Testing camera funcionality My students testing mobile camera functionality within the webapp

History

The idea behind this game was to interview Kupuna's in the community and gather stories about mysterious circumstances that occured in the Nanakuli area, specifically focusing on the school's location. We would then string together a gaming narrative around these stories and have the game solve various esoteric puzzles through an augmented landscape. The outcome was a result of collective wisdom of the aunties and uncles of Nanakuli :

" The dead should stay dead, be carefull what names and stories you invoke. For they may send you to the grave or worst."

We pivoted that idea fast! Rather than using existing tales from the community, we decided to make up our own. Knowing that most of our players would "google" this information to test for validity or gaming clues, we created fake websites. We uploaded these websites to various free hosting platforms. For example if you searched: "Nanakuli Library ghost dog 1946". In google, you would come across one of our fake sites.

Our class rebranded the game anc created a thematic order called the
The Nanakuli Estoteric Order of Investigators.

The narrative was taking form. A mystery time-traveling game where students would go back and forth through time to solve mysteries on campus.

Katrina narrative building Katrina building the connections to the game narrative

Theme

Parents, teachers, and friends outside the order are completely unaware of their role. When initiated and once the oath is accepted the investigator is given accsess to a time traveling application that will function as their vehichle to solve each mystery. The goal of every investigator would be to solve the myteries on campus.

Game Mechanics

Mechanically, the game operates as an Augmented Reality scavenger hunt. You open the app, point the camera at an object, if the game recognizes the object you are then given a clue on what to do next. It was decided early on that we would not use a map. My students wanted players to look like zombies wandering around campus with their phones pointing at random objects.

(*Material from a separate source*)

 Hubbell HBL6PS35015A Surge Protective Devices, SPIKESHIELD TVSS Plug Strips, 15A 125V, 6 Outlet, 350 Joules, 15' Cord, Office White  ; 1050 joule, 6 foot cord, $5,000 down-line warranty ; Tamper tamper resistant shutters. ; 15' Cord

What we did was take a series of pictures or iconography that was unique and that stood out to my students. My students then created a narrative that strung together from one mystery to the next story that would compel players to keep playing. We then created overlays with text that would obfuscate the original image and overlay the image with a narrative.

Technology used

Everything was hosted on a local machine connected to the students' wireless network. We stashed the system in a cubbard in the class we used. As long as the system was logged in, the service was up. Students would simply connect to the http://ipaddressofthehost/neoi and they were in. We eventually got in trouble for this and had to shut the system down.

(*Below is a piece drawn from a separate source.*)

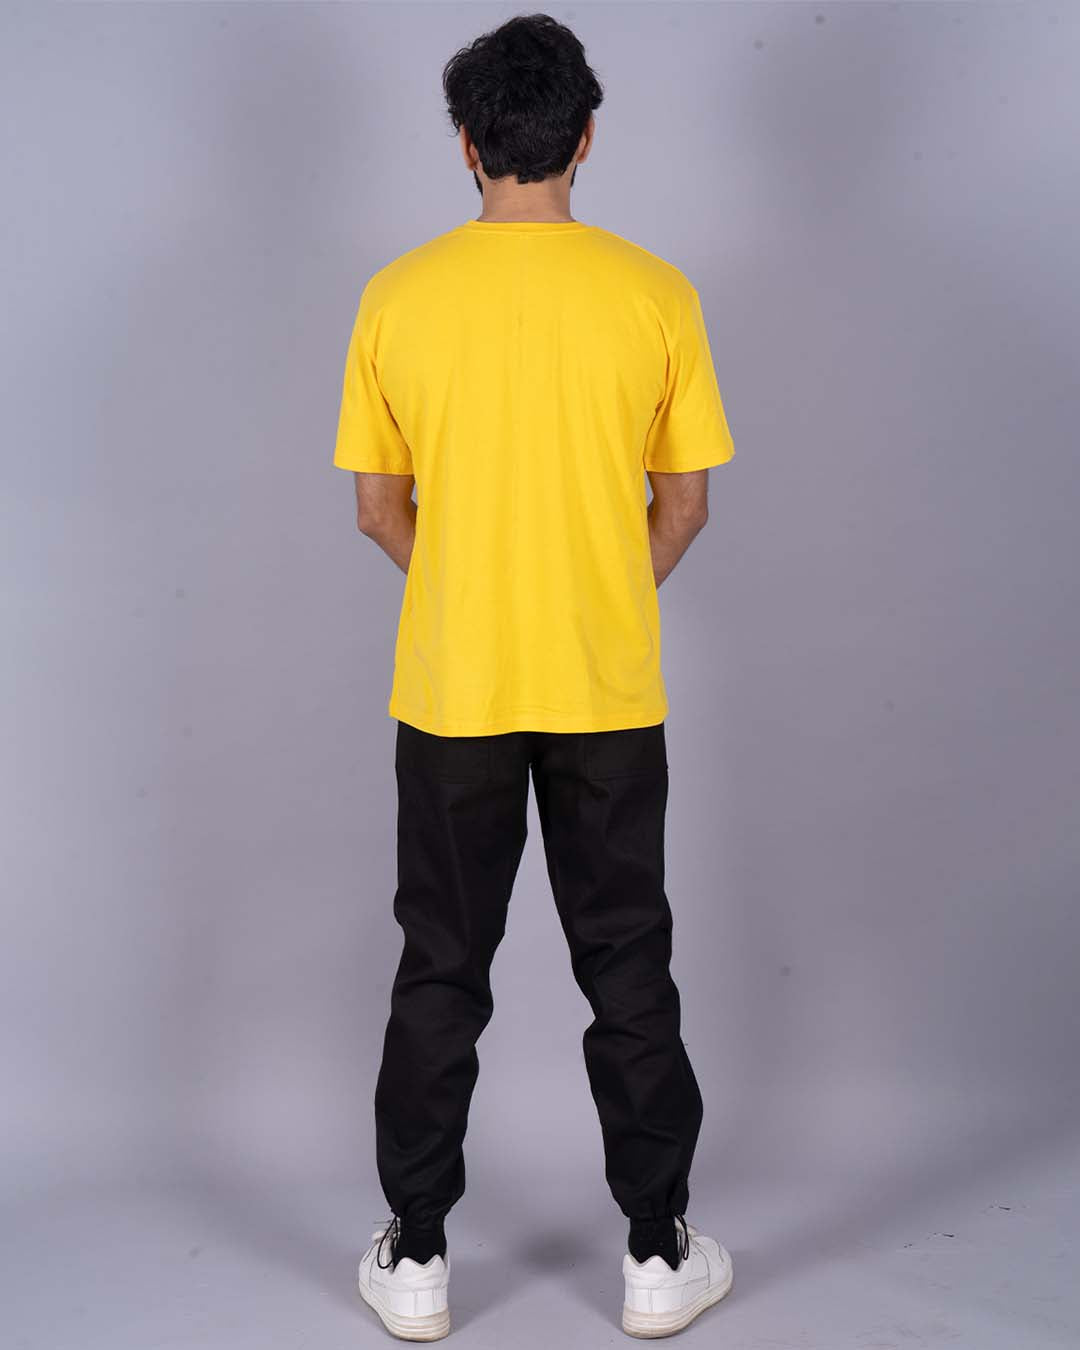 Men's Travis Trippy Oversized Co-Ord Set - Yellow and Black

2014 Huli Interview Kalia testing art asssets

Post Mortem

The end goal for this project was to host the game somewhere like AWS or a similar platform. We also wanted to incorporate events and times into the game. So if you showed up on a Saturday, you would be served different content. Or even better, on Halloween, the entire game system changes for 24 hours. Unfortunately, we never got to finish. The following year, I started the project to finalize the Huli game. I still have all the source code sitting on an external drive somewhere. Maybe someday I will resurrect it.